Beyond this, an interesting question regarding whether the internet is ‘safe’ in the hands of the private sector is the balance between private incentives to infrastructure improvement compared to gains in the network (i.e., the internet apparatus as a whole). For example, transit lines, improvements to them confer benefits to all the other complementary components. Do most of the gains from better transit lines go to the content providers who use them, the users who enjoy faster content, or the internet service providers who may gain revenue from users for better services?  

The consensus is that improvements benefit more participants than just the firm providing this access. While access providers potentially gain more revenue, users gain better service, and application providers get the opportunity of new frontier tech for their data-intensive services such as streaming and more immersive products as we track further into the world of virtual reality. The gains from improvement are widespread, while the private costs and commercial risks are concentrated in the one investor group. I worry that the comparatively small private incentive to upgrade quality may eventuate in a large gap between service capability and society’s broader long-term interest, as the providers do not necessarily stand to benefit financially from large improvements as potential gains would be severely undermined by a spiked cost to cover development combined with a high degree of substitutability between internet providers. As such private based infrastructure possibly inhibits the development of internet services which would dramatically increase the economy’s productivity. This discrepancy in incentives and how to overcome it remains an open research area at the forefront of public policy.  Finally, rural access is regarded as the key concern in the private provision of internet services. It is such an economic challenge that rural communities in the decidedly first world and affluent nations such as Australia and the US have less internet access than low-income families from a dense city in a developing country. For example, ten per cent of the rural US population still does not use the internet today. This is largely driven by a lack of access due to pricing or availability evident in a 2019 A Pew Research survey conducted in February 2019 which found that 46 percent of the US rural population does not have broadband access.

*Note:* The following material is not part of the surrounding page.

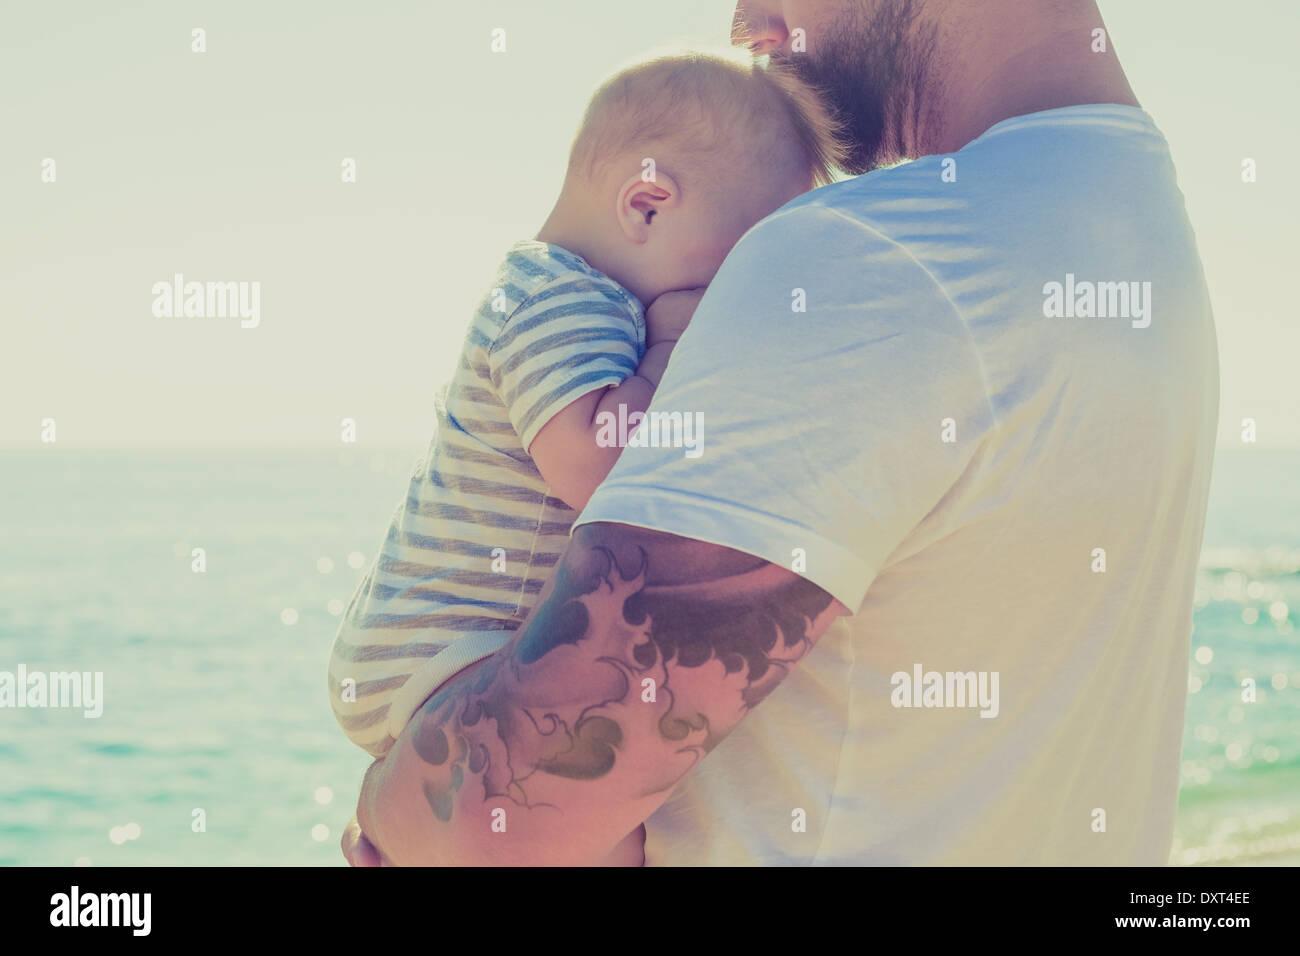 Nahaufnahme von Vater hält Baby Sohn am Strand Stockfoto

This shortfall in supply arises because the viability of internet service to given geographic areas relies on the efficiencies of economies of scale. Thus, operating cell towers, data centres, and content delivery networks (CDNs) exist endogenously in densely located areas. Further laying lines between locations involves high fixed and marginal costs, so low density may not have sufficient demand to induce such investments. 

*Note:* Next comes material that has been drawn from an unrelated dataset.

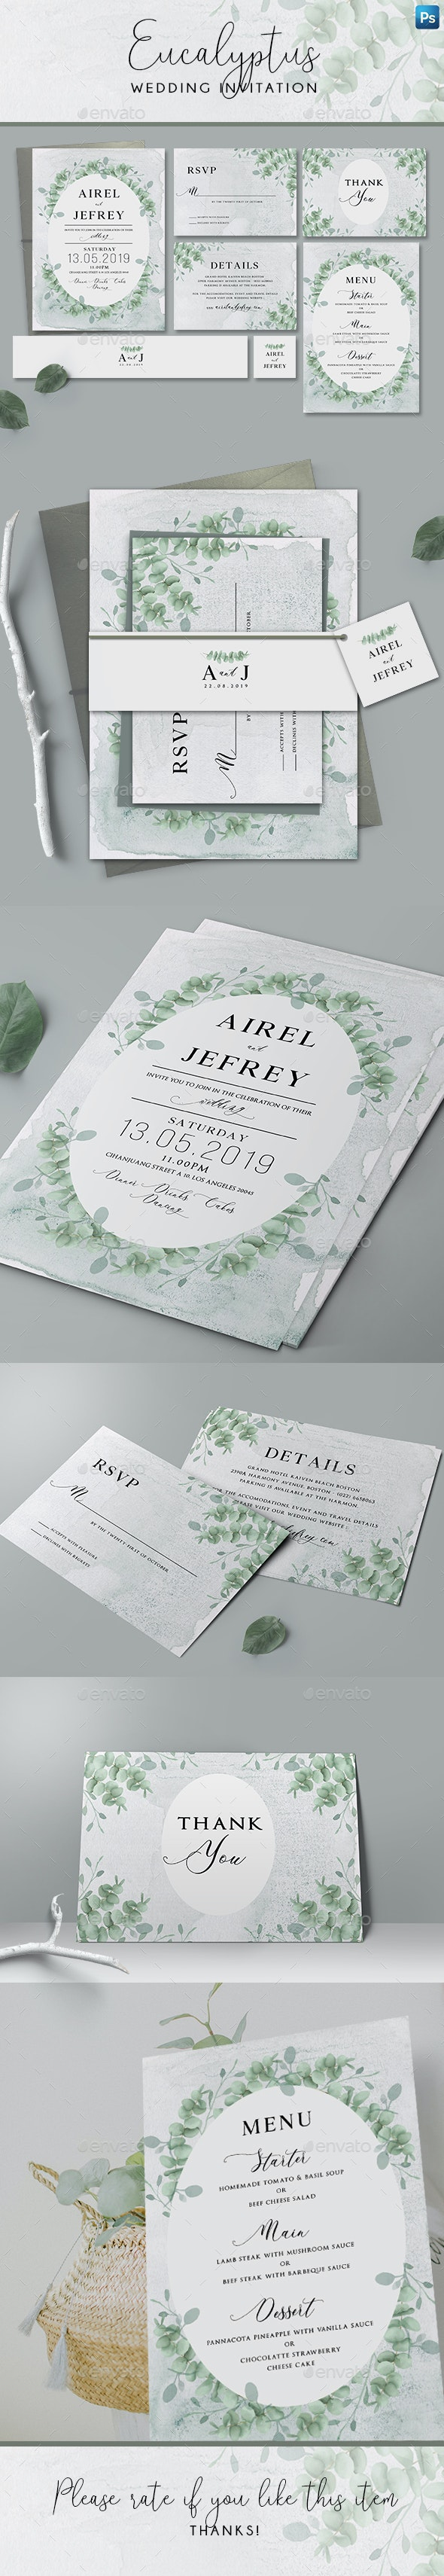 Eucalyptus Wedding Invitation - Wedding Greeting Cards

Further demand for better quality enterprise level services from densely located areas due to often professional service heavy local economies further incentivises this disparity. This is because providers prefer more locations where more buyers are willing to pay for the expensive frontier quality. This has a perverse effect as access to these services often contributes positively to an area’s productivity and general wealth, providing an excellent example of Marshallian agglomeration. 

Many things have been tried to alleviate this. For example, the US passed the 1996 Telecom Act which established the e-rate program, which taxed telephone calls to finance subsidies for rural broadband, while Australia has its recent Nbn Program, which will when complete provide fibre coverage to most of Australia bar a few regional areas which will use satellite and fixed wireless technologies.